January 29, 2020FeaturedNewsTrending
There is always a winning or losing side to every situation. When the Finance bill was signed into law by President Buhari, it meant a lot of things to a lot of Nigerians.
But significantly for the food world, it meant that basic food items, including additives like honey, loaves of bread, cereals, cooking oils, culinary herbs, fish, flour and starch, fruits (fresh or dried), live or raw meat and poultry, milk, nuts, pulses, roots, salt, vegetables, water (natural water and table water) would not be taxed for value-added.
This means that for every time you step into your food stores to purchase any of these, you will not pay the approved 7.5% that your colleagues or even you yourself will pay if you have to purchase any item outside this list.
There are also a few exempt products but for the sake of agriculture which is our discourse right now, I will save you the details of ‘foreign’ conversations.
Another interesting angle of the new Act is the fact that it includes a provision that allows all companies “engaged in agricultural production” in Nigeria “an initial tax-free period of five years”, renewable for an additional three years.
In essence, if you run a farm in any part of Nigeria, you are free from tax for a whole five years. Five years of no tax for local man? Tell me that’s not good news and I’ll tell you that you clearly have no idea what good news looks and feels like. The best part is the phrase after ‘tax-free period…’

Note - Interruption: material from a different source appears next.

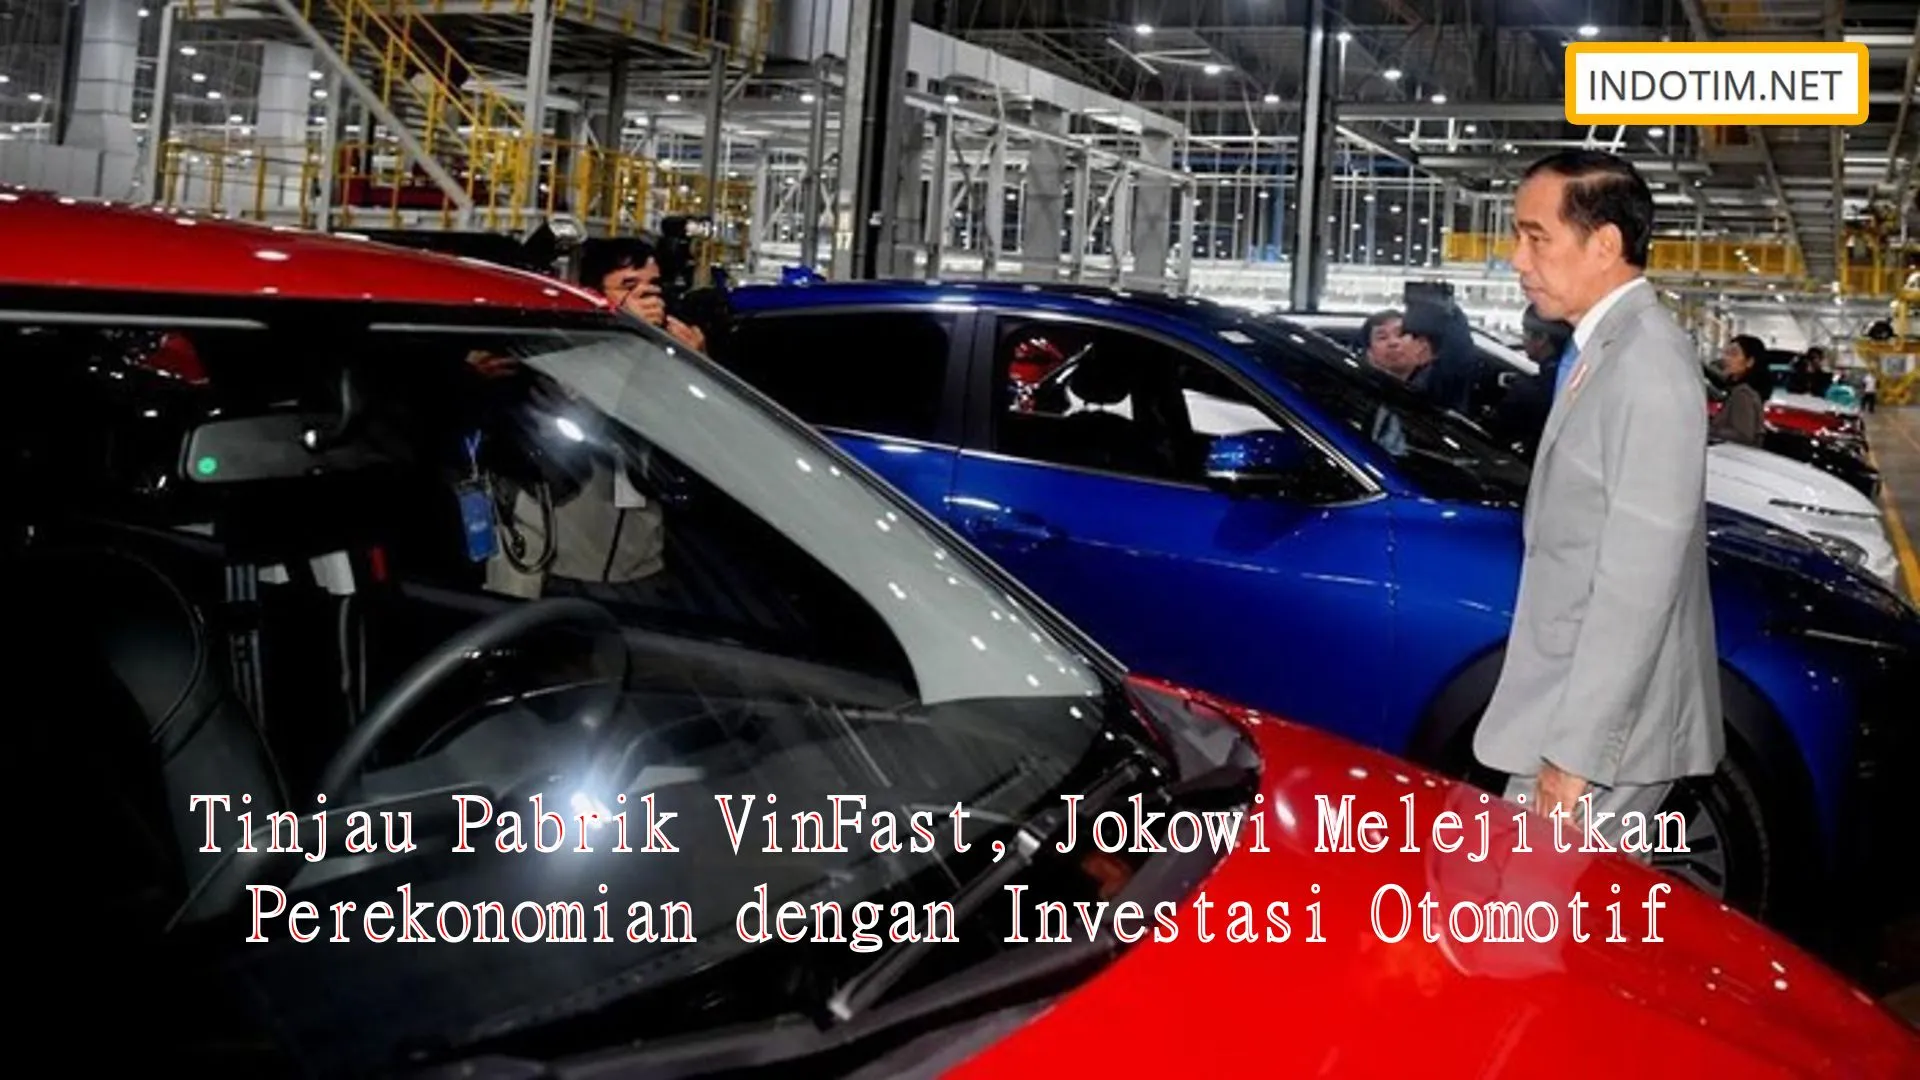 Tinjau Pabrik VinFast, Jokowi Melejitkan Perekonomian dengan Investasi Otomotif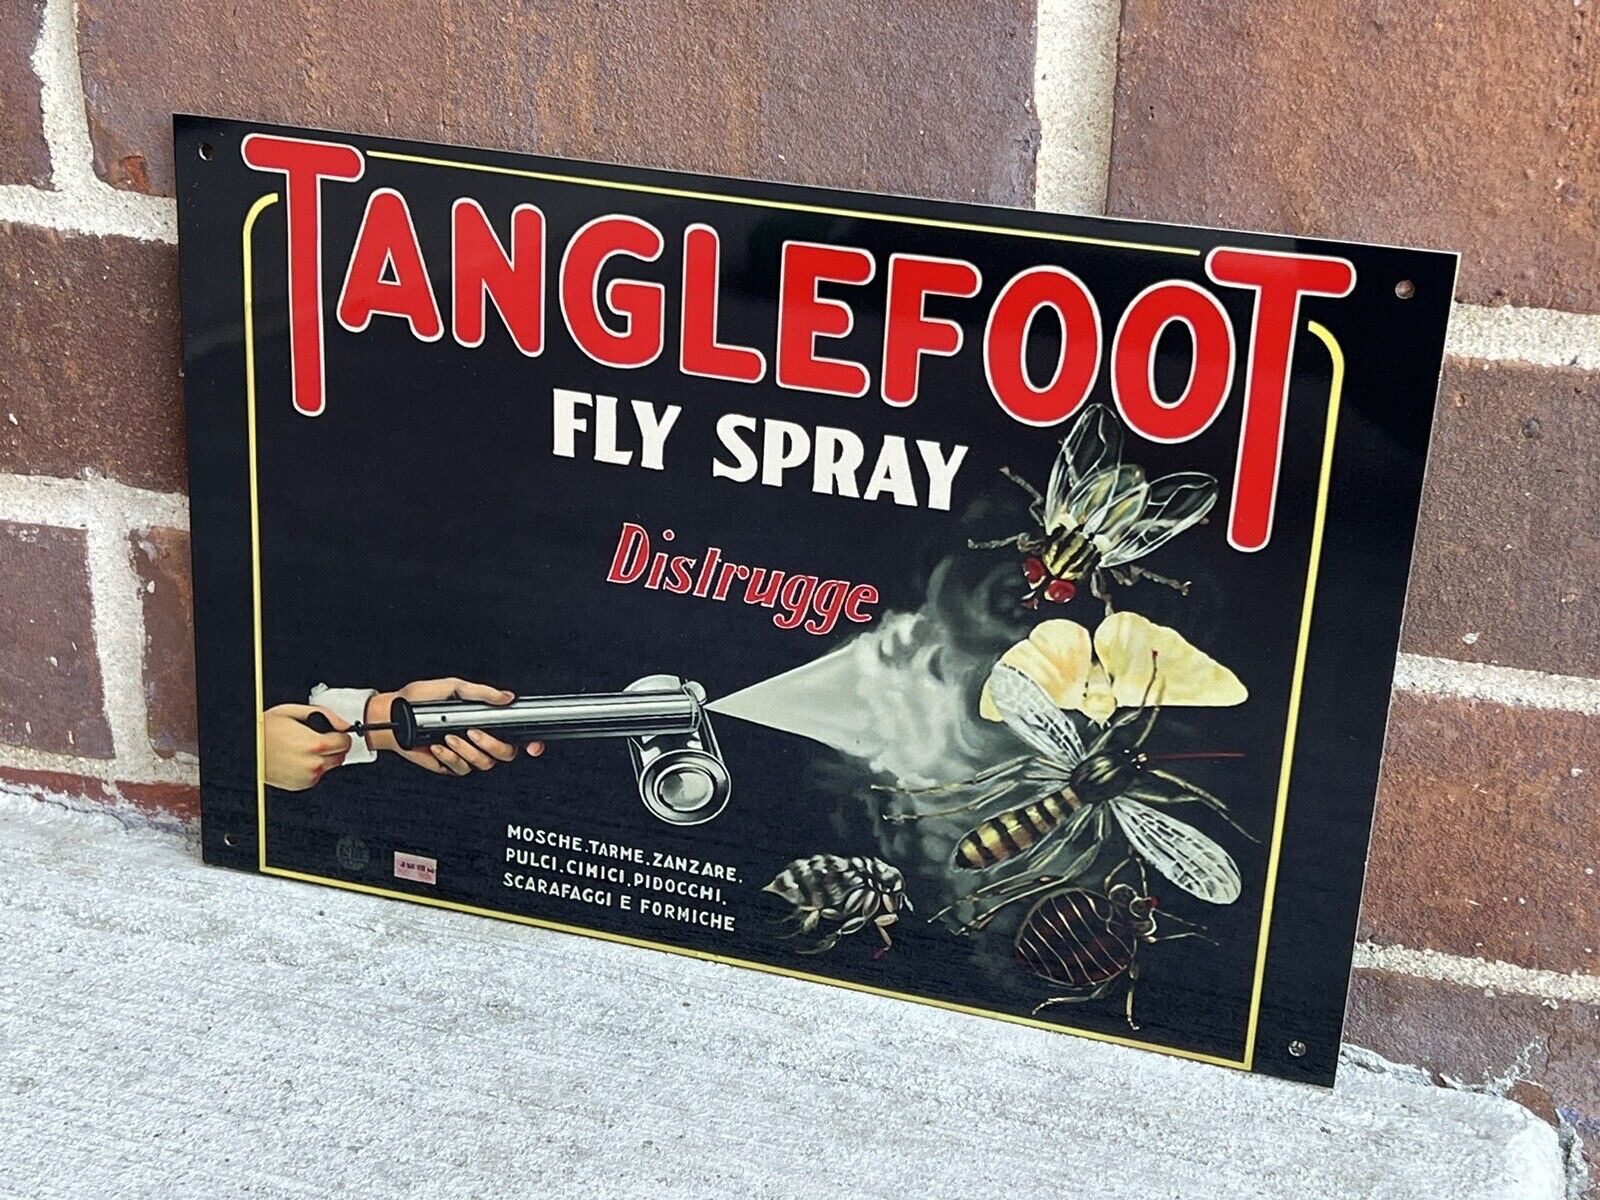 Tanglefoot Flypaper Hi Gloss Aluminum Vintage Style sign

Look at that statement again and you would discover that if you continue in the Agri-business for five years, you can renew this tax holiday for another three years. Tell me about encouraging agriculture in Nigeria.
This is pretty much all that concerns you if you operate in the food sector; others will apply if you just want to live your life like the Nigerian that you are.
So, can I say you should just buy you some plots and get to work?